Prompt injection

Before you begin

Follow the steps in the Install with Helm topic to run F5 AI Gateway.

Overview

The F5 prompt injection processor runs in the AI Gateway processors container. This processor detects and optionally blocks prompt injection attacks.

Processor details

Supported

Deterministic

No

GPU acceleration support

Yes

Base Memory Requirement

747 MB

Input stage

Yes

Response stage

No

Recommended position in stage

Beginning

Supported language(s)

English

Configuration

processors:
  - name: prompt-injection
    type: external
    config:
      endpoint: https://aigw-processors-f5.ai-gateway.svc.cluster.local
      namespace: f5
      version: 1
    params:
      reject: true
      threshold: 0.95

Parameters

Parameters

Description

Type

Required

Defaults

Examples

Common parameters

skip_system_messages

Should the processor skip any system messages provided when checking for prompt injection.

bool

No

true

true, false

threshold

Minimum confidence score required to treat the prompt as an injection attack.
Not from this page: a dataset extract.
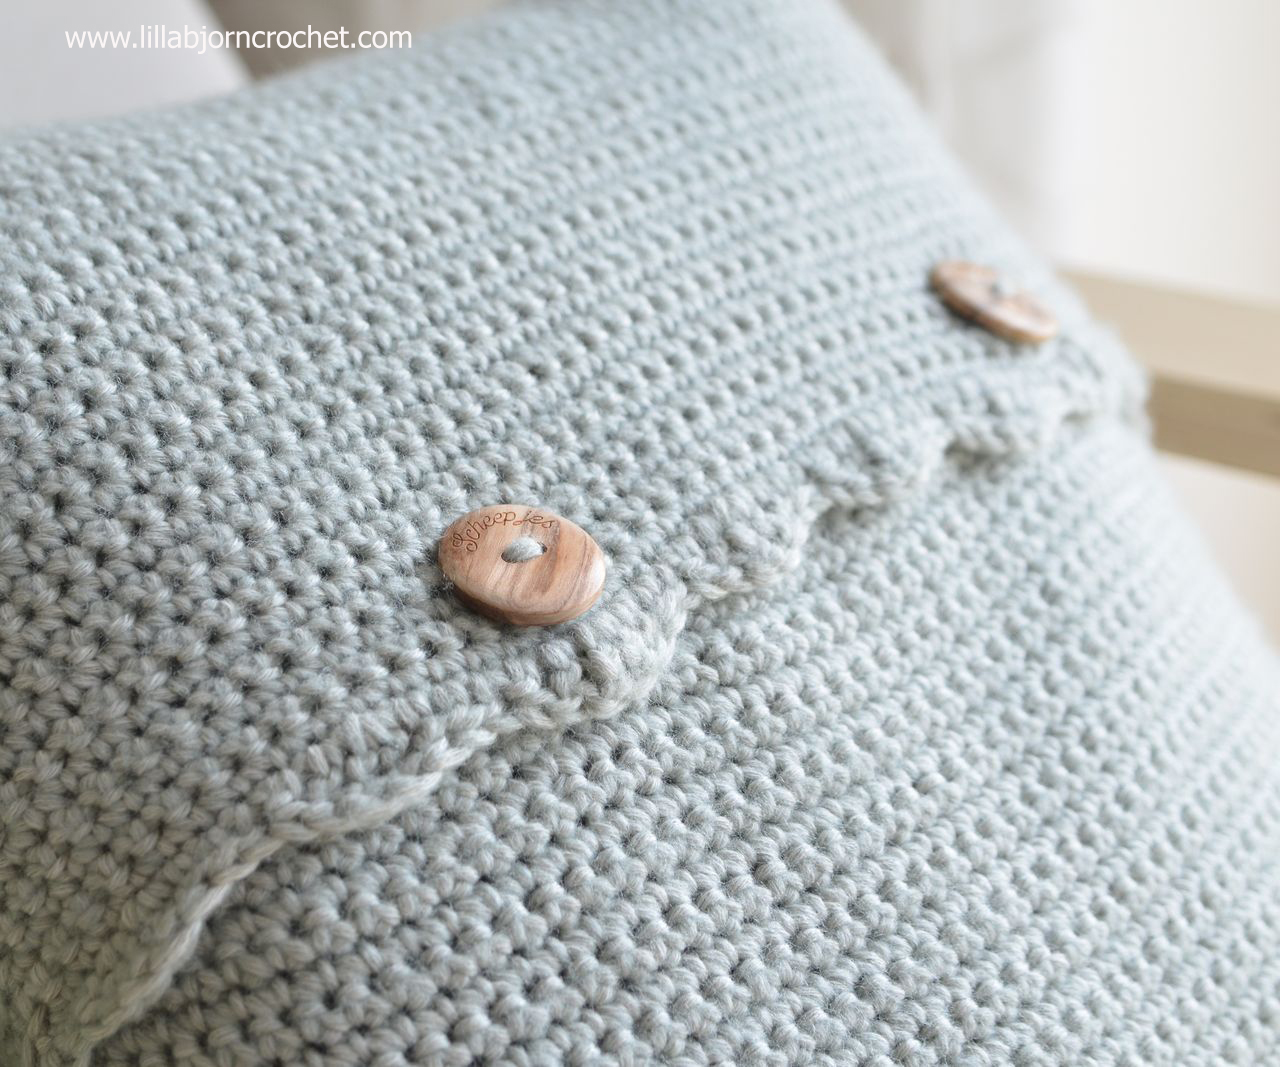 Tree of Life pillow - overlay crochet pattern by Lilla Bjorn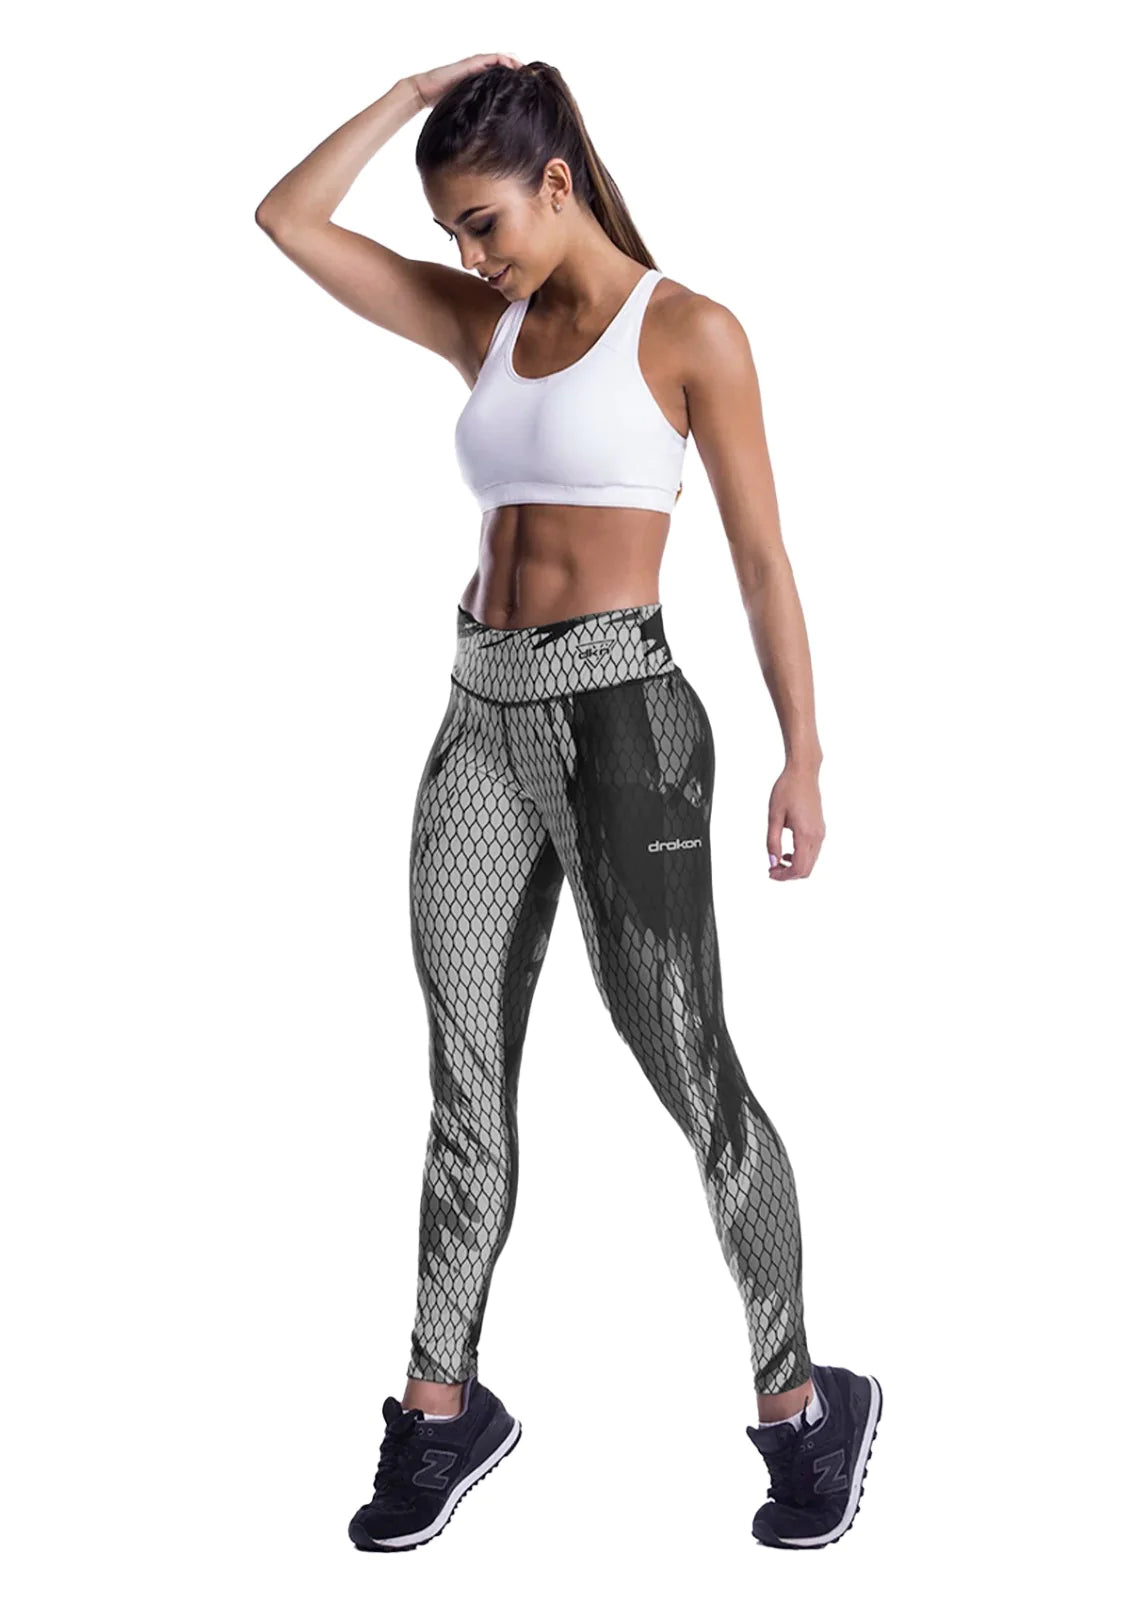 Leggings - Crossfit - Fitness - Running - Yoga Pants - Gym – BEST WEAR -  See Through Shirts - Sheer Nylon Tops - Second Skin - Transparent Pantyhose  - Tights - Plus Size - Women Men

Lower values will make the processor more strict, but more likely to trigger false-positives.

float
0.0 to 1.0

No

0.95

0.5

When reject is set to true, this processor will reject the request when an injection attack is detected, otherwise it will add to the attacks-detected tag.

Tags

Tag key

Description

Example values

attacks-detected

Added if reject is set to false and prompt injection is detected.

["prompt-injection"]

Chunking input and batch processing

The prompt injection processor will split inputs and responses into overlapping chunks and perform inference on these chunks in batches. Chunks overlap so context can be maintained between chunks, the intention being if a prompt injection attack is on the boundary between two chunks, an overlapping interim chunk will contain it.

Note

Always perform empirical tests on hardware with real or representative data. Profiling is the best way to see how changing chunk and/or batch sizes impacts performance.

Chunking input

Chunk size determines how much data from a single input is fed to the model at once. It’s driven by the underlying model constraint on maximum sequence length and task needs for context. It directly impacts memory usage per inference call and can affect latency if chunks are too large.

The maximum sequence length for the prompt injection processor is 512 tokens, so chunk size should not exceed 512. The lowest possible value is 1, but this would result in the underlying model being unable to reliably perform classification on input. The default chunk size in tokens is 128, this value should not be set lower than 32. It is possible to override this value by setting the environment variable PROMPT_INJECTION_PROCESSOR_CHUNK_SIZE: 256 in processors.f5.env.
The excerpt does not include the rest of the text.